Эдик зашёл за мною, как и обещал, через час. Я успела сдать папе его документы, наскоро перекусить, собрать сумку, приготовить пляжный коврик и всё, что нужно для купания. И даже заскучать успела, "гуляя" возле бочки с кувшинками.
Мысли в голове крутились разные, преимущественно обрывчатые, непричёсанные. Вместо того, чтобы помечтать, как водится, о том, как всё будет хорошо, я принюхивалась к ветру. Мне снова казалось, что пованивает чем-то отвратненьким, но в то же время знакоменьким. Тошнотворненьким. Недавним. Память отказывалась отвечать, кто источает этот аромат, твёрдо уверяя в одном: это живое существо, и оно не из тех, которых я знаю с детства.
А когда пришёл Эдик, мысли и вовсе разбежались в разные стороны. Успела только подумать, что это всё-таки обидно, когда твой возлюбленный не замечает, что ты отличаешься от остальных людей...
И обидно, когда он не разделяет твоей любви.
Хотя... кувшинки в бочке и песни по ночам заставляли отбросить прочь сомнения в ответности чувств!
А когда я заглянула в его бездонные карие глаза, когда он погладил горячей ладонью моё плечо, помогая спуститься со ступенек... мне показалось, что я настоящая леди. Шикарная дама. Что я иду по ковровой дорожке где-нибудь на фестивале в Каннах.
А в довершение всего возле дома нас ждало некое невообразимое чёрное чудо.
Когда-то давно, не в прошлой даже, а в позапрошлой жизни, оно было мотоциклом. Но я за это не поручусь! Ёлки зелёные, напрочь в окрестностях отсутствующие, не выдерживающие конкуренцию со стороны сосен! Да я не думала, что у Эдика может оказаться мечта моего детства -- самая что ни на есть настоящая "крыса", как у Петра Лома из одиннадцатого "Б", самого крутого парня из моей школы!
Из моей бывшей школы...
Сидеть на этом собранном из подручных средств мотоцикле было неудобно, однако круто.
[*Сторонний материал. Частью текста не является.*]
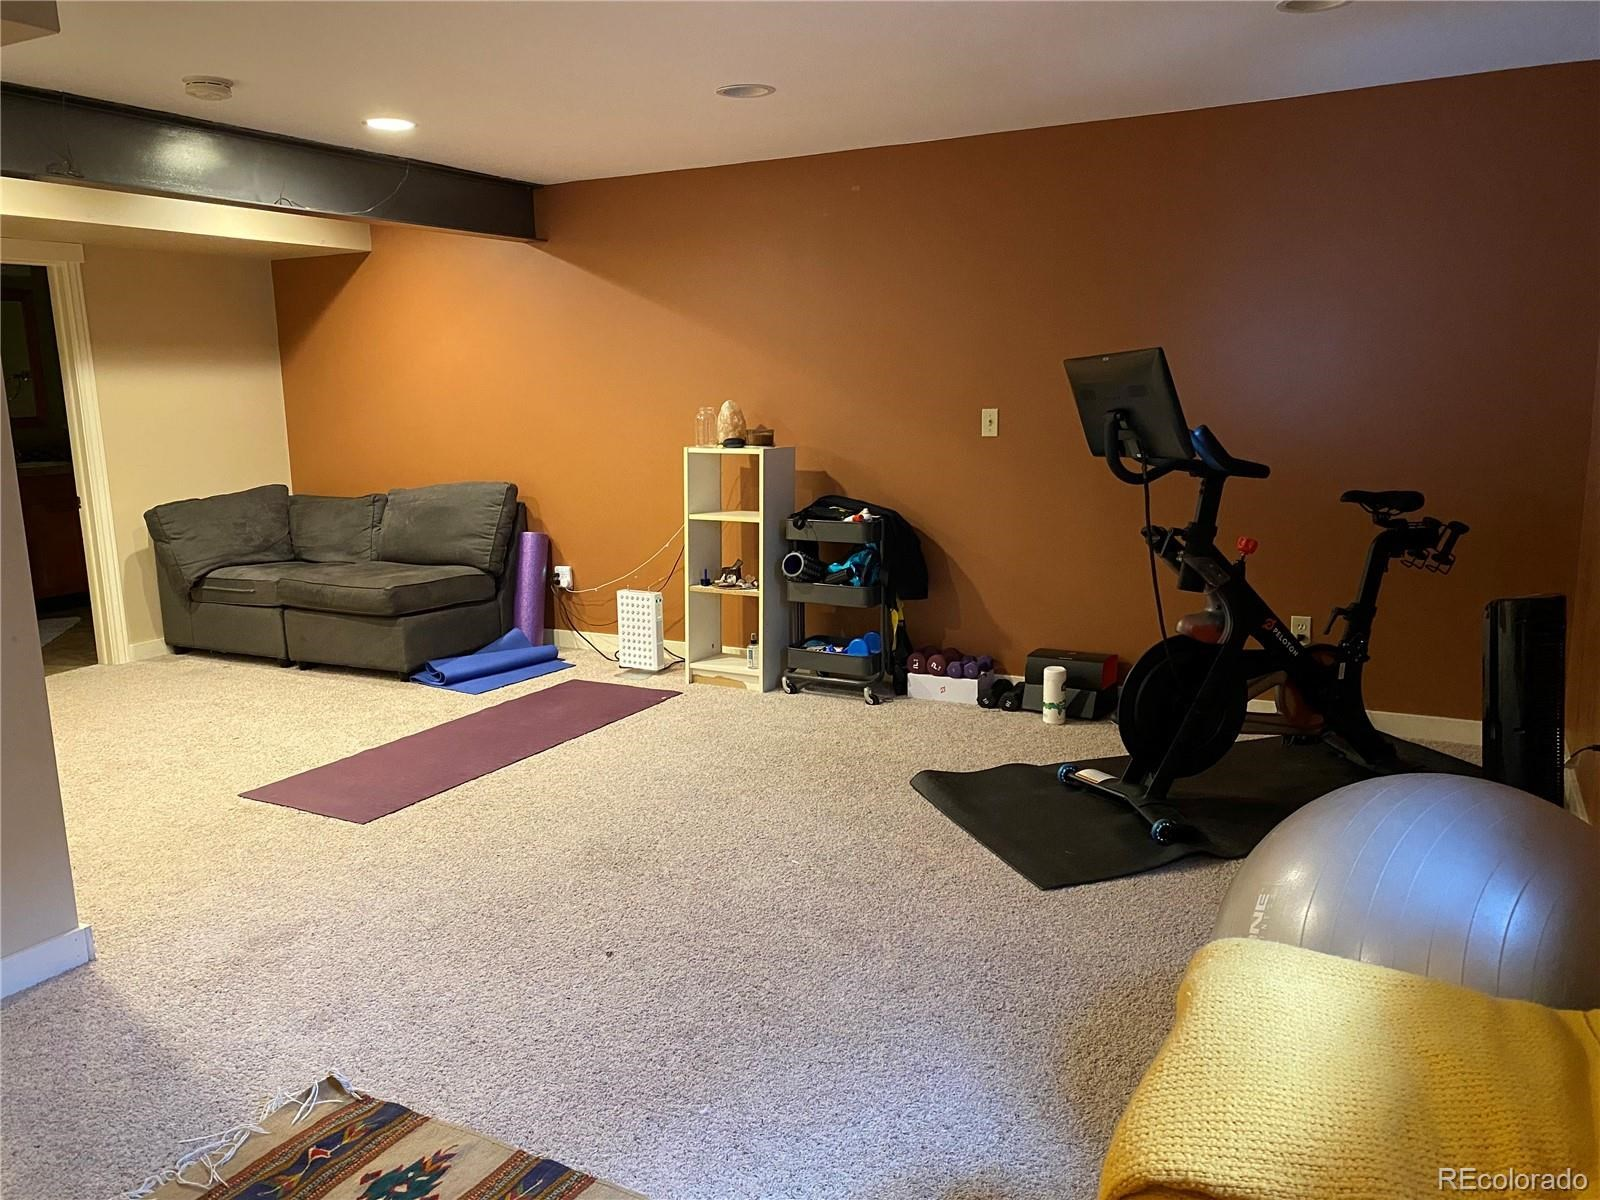 MLS# 5956538 - 19 - 1550 Chambers Drive, Boulder, CO 80305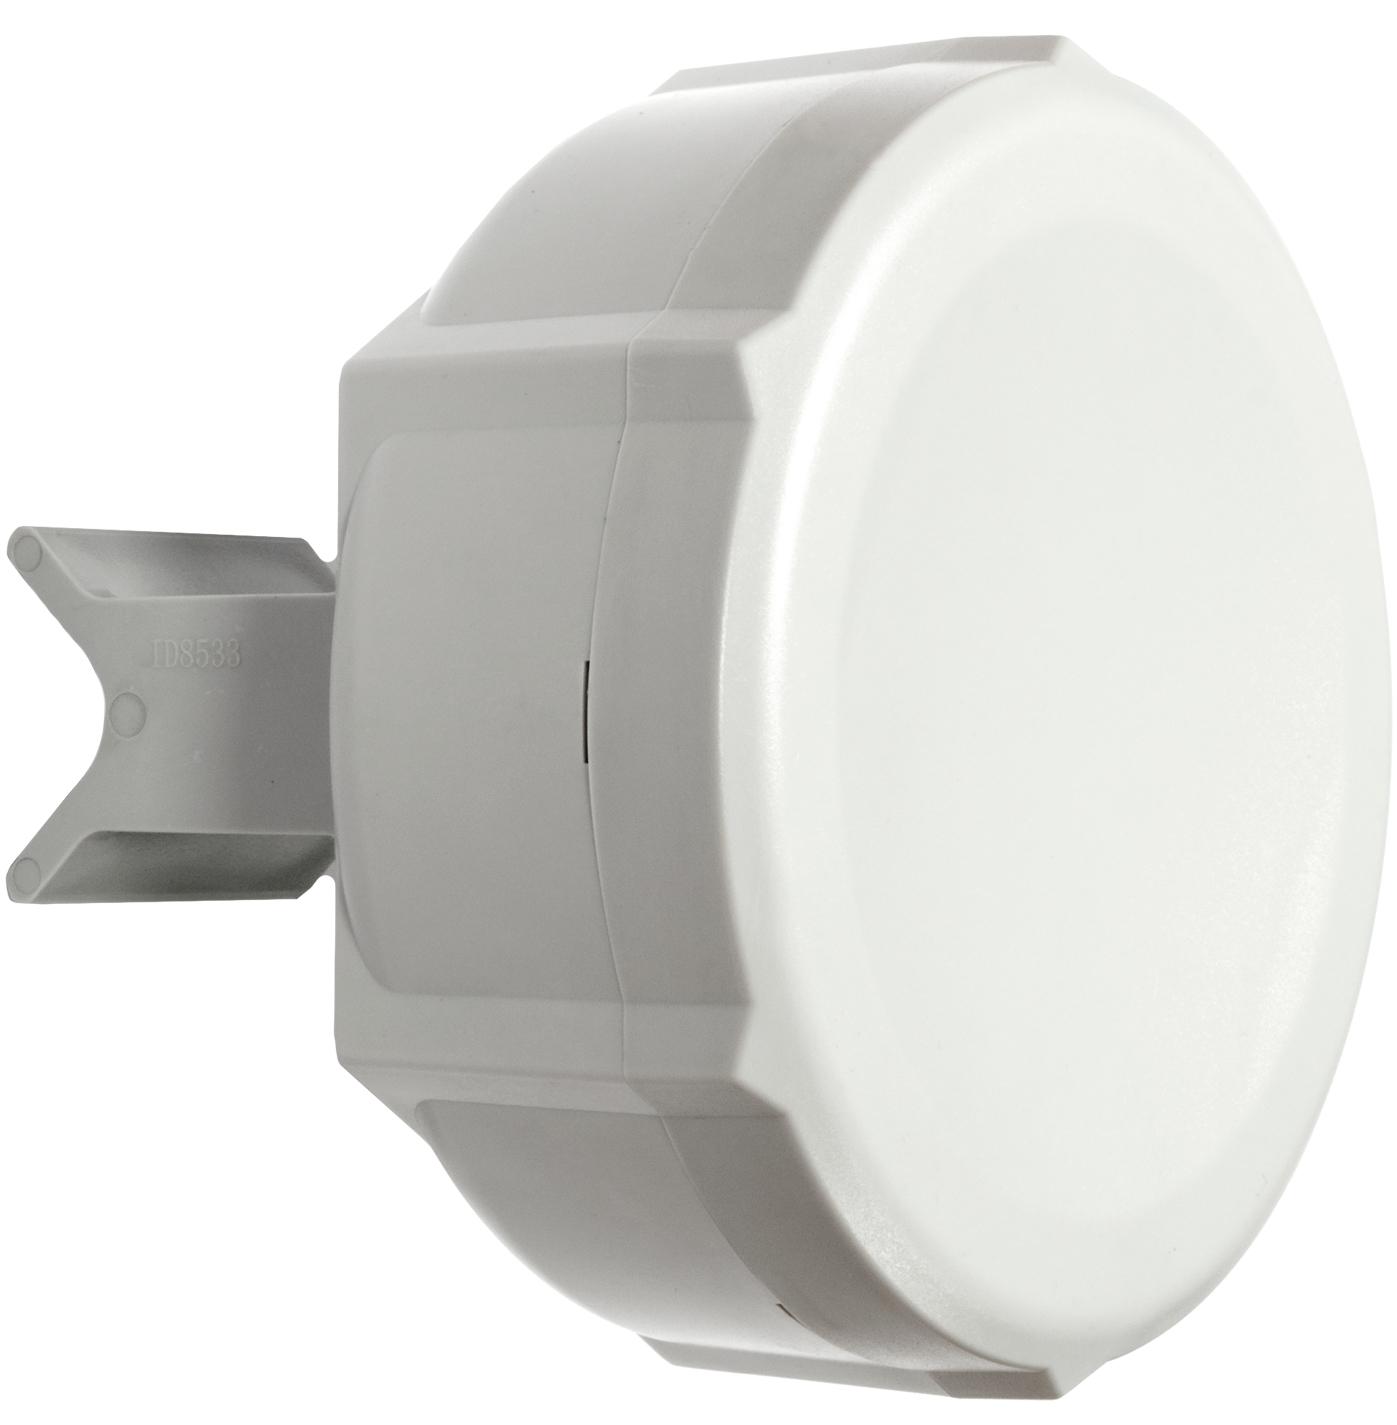 Mikrotik SXT Lite5 Power over Ethernet (PoE) White WLAN access point

Два ряда крупных фар, подозрительно похожих на фары "Жигулей", закрытые толстыми металлическими решётками, крылья, полученные путём наезда на лежащие в песке полосы железа, вручную загнутый молотом из цельного металлического листа бак, и всё это покрыто натуральнейшей ржавчиной! И всё это в принципе не должно держаться вместе, но держится, рычит, гремит, грохочет! И едет! Да ещё как едет!
Заднее колесо немилосердно таскало во все стороны по песку. Каждая выбоина и каждый поворот приближали мои попу и бёдра к состоянию хорошей отбивной... И всё-таки вот оно какое, счастье -- обнимать любимого, пряча лицо от ветра, и под грохот и рёв мотора мчаться по грунтовой дороге между стройными рядами сосен...
Озеро находилось в двадцати километрах от Фролищ, "крысобайк" Эдика развил скорость около пятидесяти. Конечно, мы должны были ехать до Санхара минут двадцать, но мне показалось, что я успела только сесть позади Эдика, прижаться к нему и вдохнуть живительный аромат, а самодельный мотоцикл уже тормозил на пологом берегу, поросшем яркой зеленью. Серо-коричневое кружево сосновых ветвей и стволов, щедро сдобренное солнечной зеленью, соединяло гладкую водную синеву с синевой небесной -- со всех сторон.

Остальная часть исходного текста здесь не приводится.